The evolution of the National Family Health Survey represents an important case study in evidence-based governance and public policy. Since its inception in 1992-93, the survey has continuously expanded to capture changing developmental priorities. NFHS-4 (2015-16) introduced district-level estimates and tablet-based digital interviews, enabling localized policy interventions. NFHS-5 (2019-21) increased the number of indicators from 114 to 131 and incorporated themes such as disability, menstrual hygiene, preschool education, access to toilets and cancer screening. It also extended blood pressure and blood sugar measurements to all adults aged 15 years and above, reflecting growing concerns regarding non-communicable diseases. NFHS-6 (2023-24) added questions on digital literacy, self-help groups, direct benefit transfers and financial transactions, indicating the increasing significance of digital governance and financial inclusion. Biological testing for HIV, Hepatitis-B and Hepatitis-C was also introduced or expanded. These developments demonstrate how surveys evolve alongside socio-economic changes. At the same time, the reduction in indicators in NFHS-6 shows the challenges involved in balancing scientific improvements with continuity in long-term datasets. Internationally, demographic and health surveys are used to monitor Sustainable Development Goals. For UPSC preparation, this case study is relevant to GS-II (Governance), GS-III (Science and Technology) and Essay, emphasizing the importance of reliable and comprehensive data systems.

Practice questions

2 questions for mains preparation

Reliable socio-economic data is the foundation of effective public policy and human development.

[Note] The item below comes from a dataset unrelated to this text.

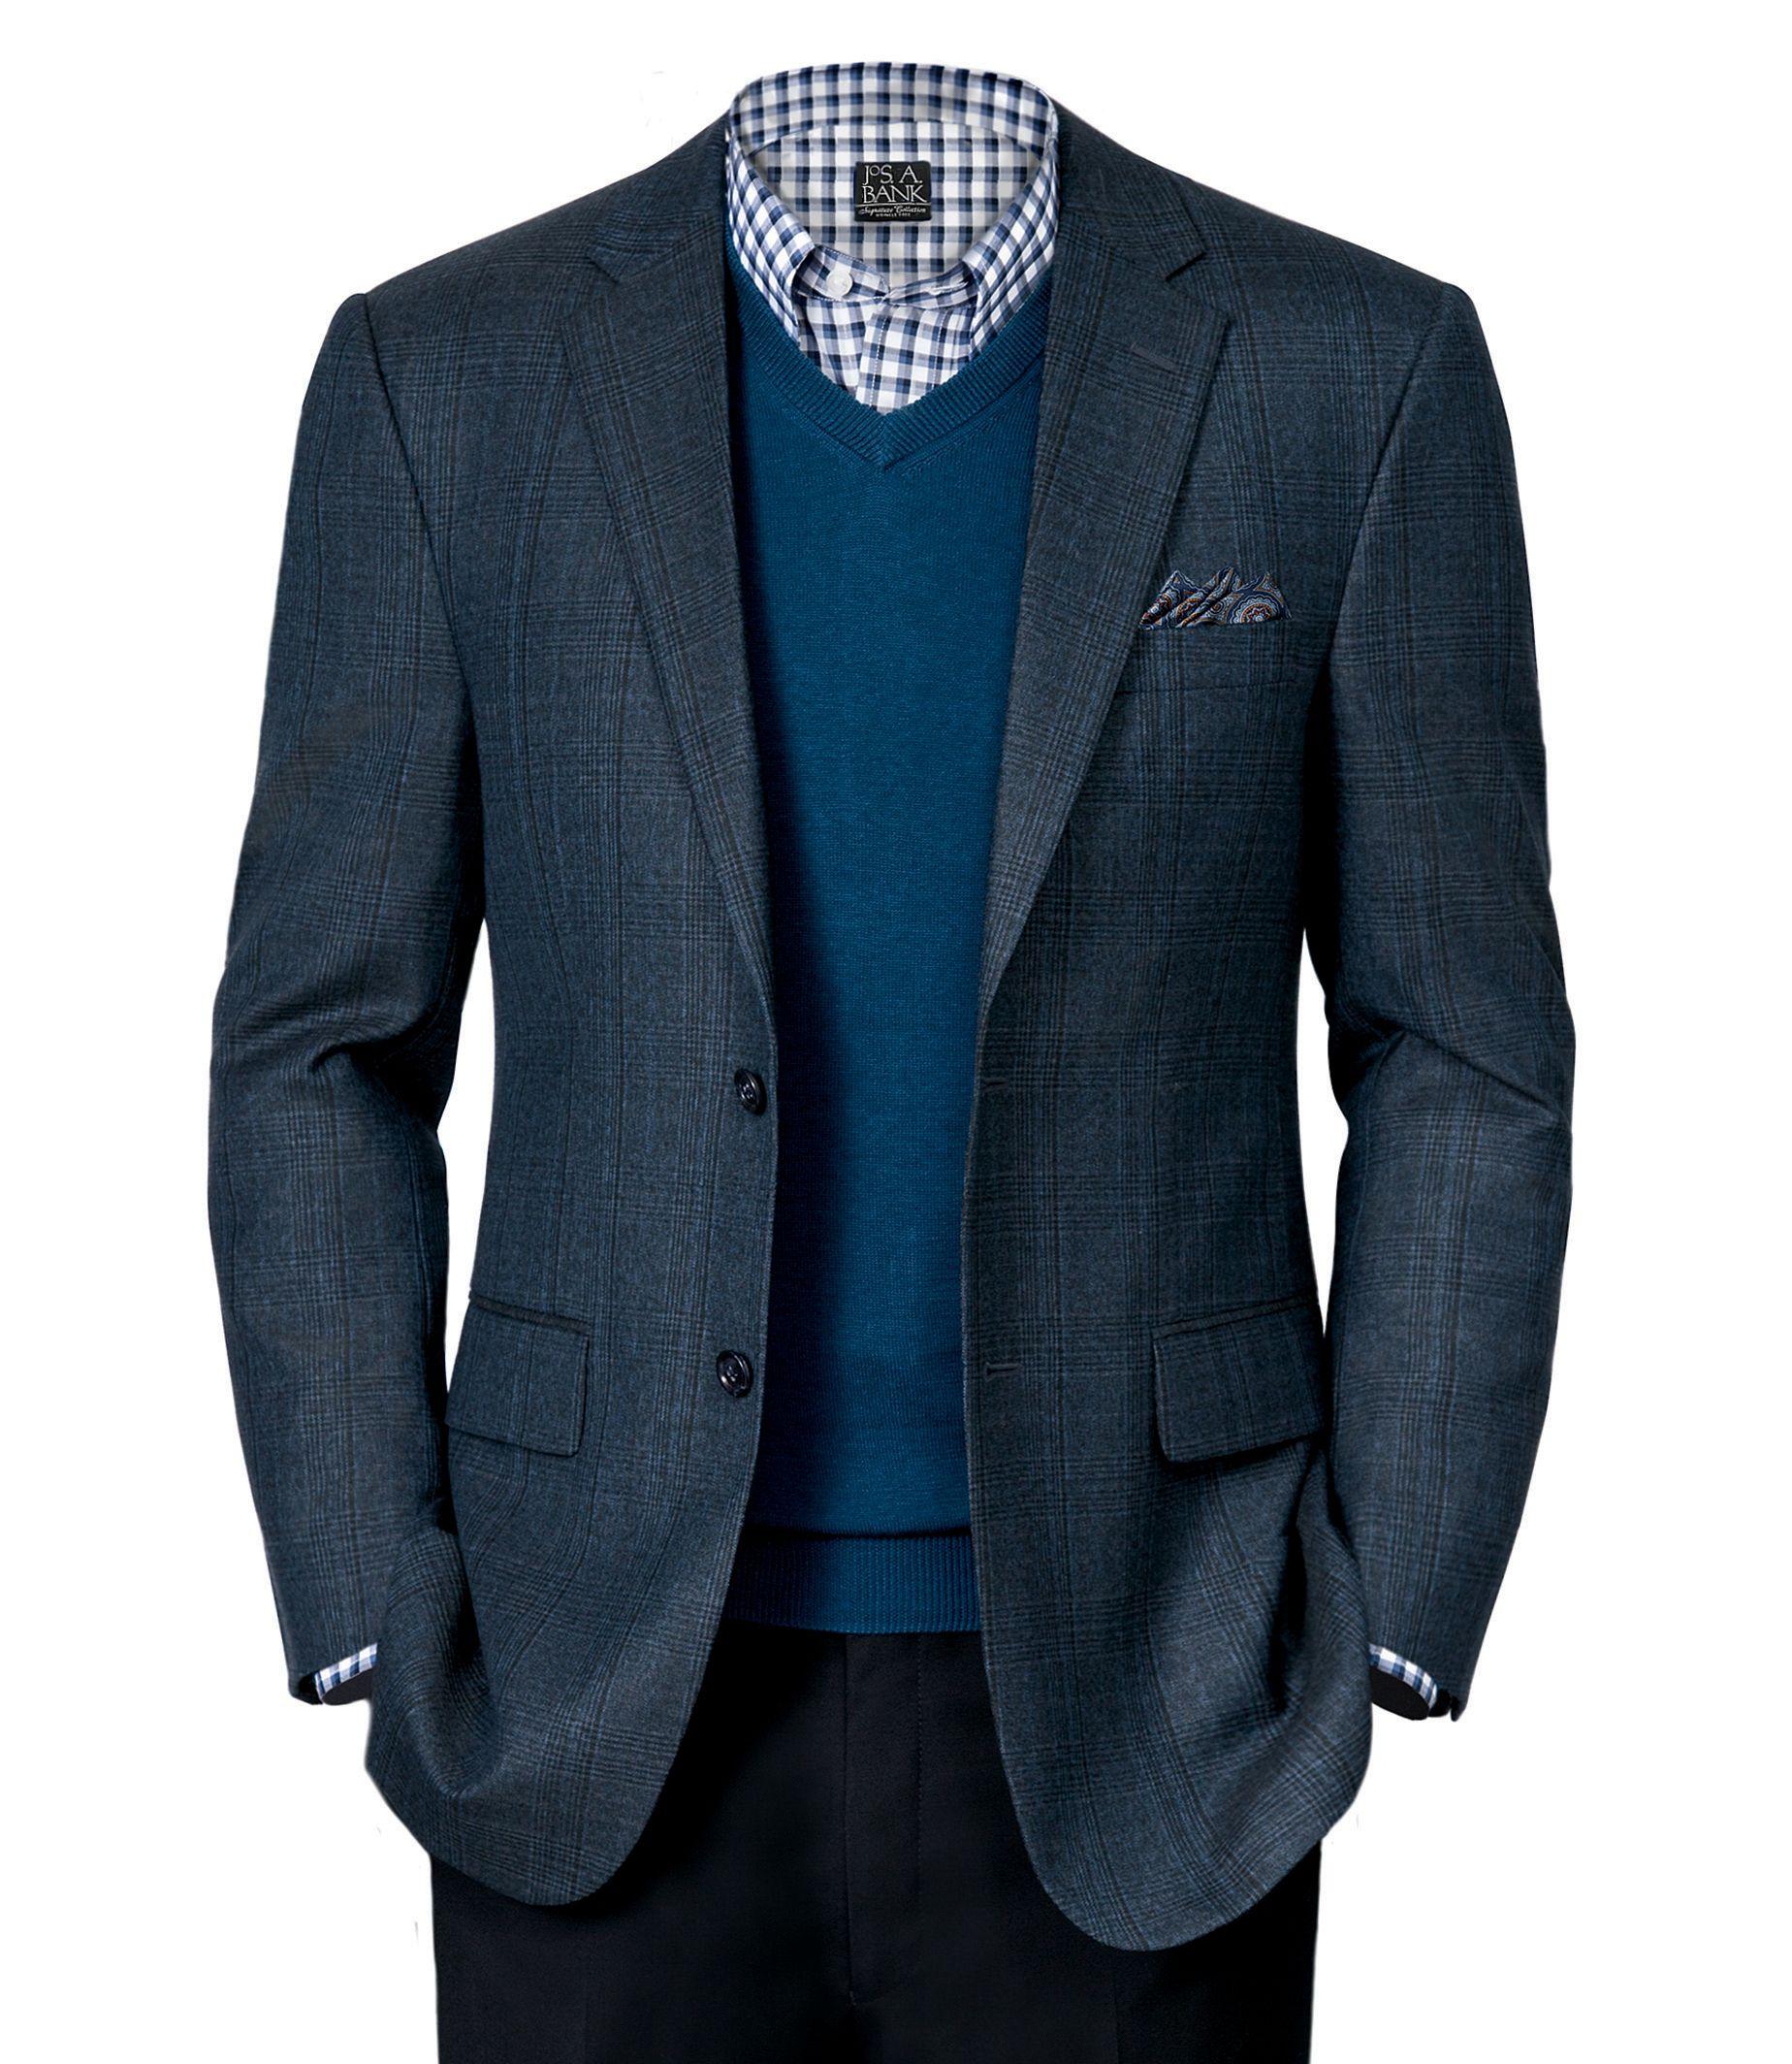 Signature Tailored Fit Sportcoat

In the light of NFHS-6, examine the significance of large-scale health surveys in assessing India's developmental progress and discuss the challenges arising from changes in key indicators over time.

10 marks Β· 150 words Β· 8 mins

The quality of a nation's human capital is shaped long before an individual enters the workforce. Discuss this statement in the context of maternal healthcare, child nutrition and early-life interventions, with reference to the findings of NFHS-6.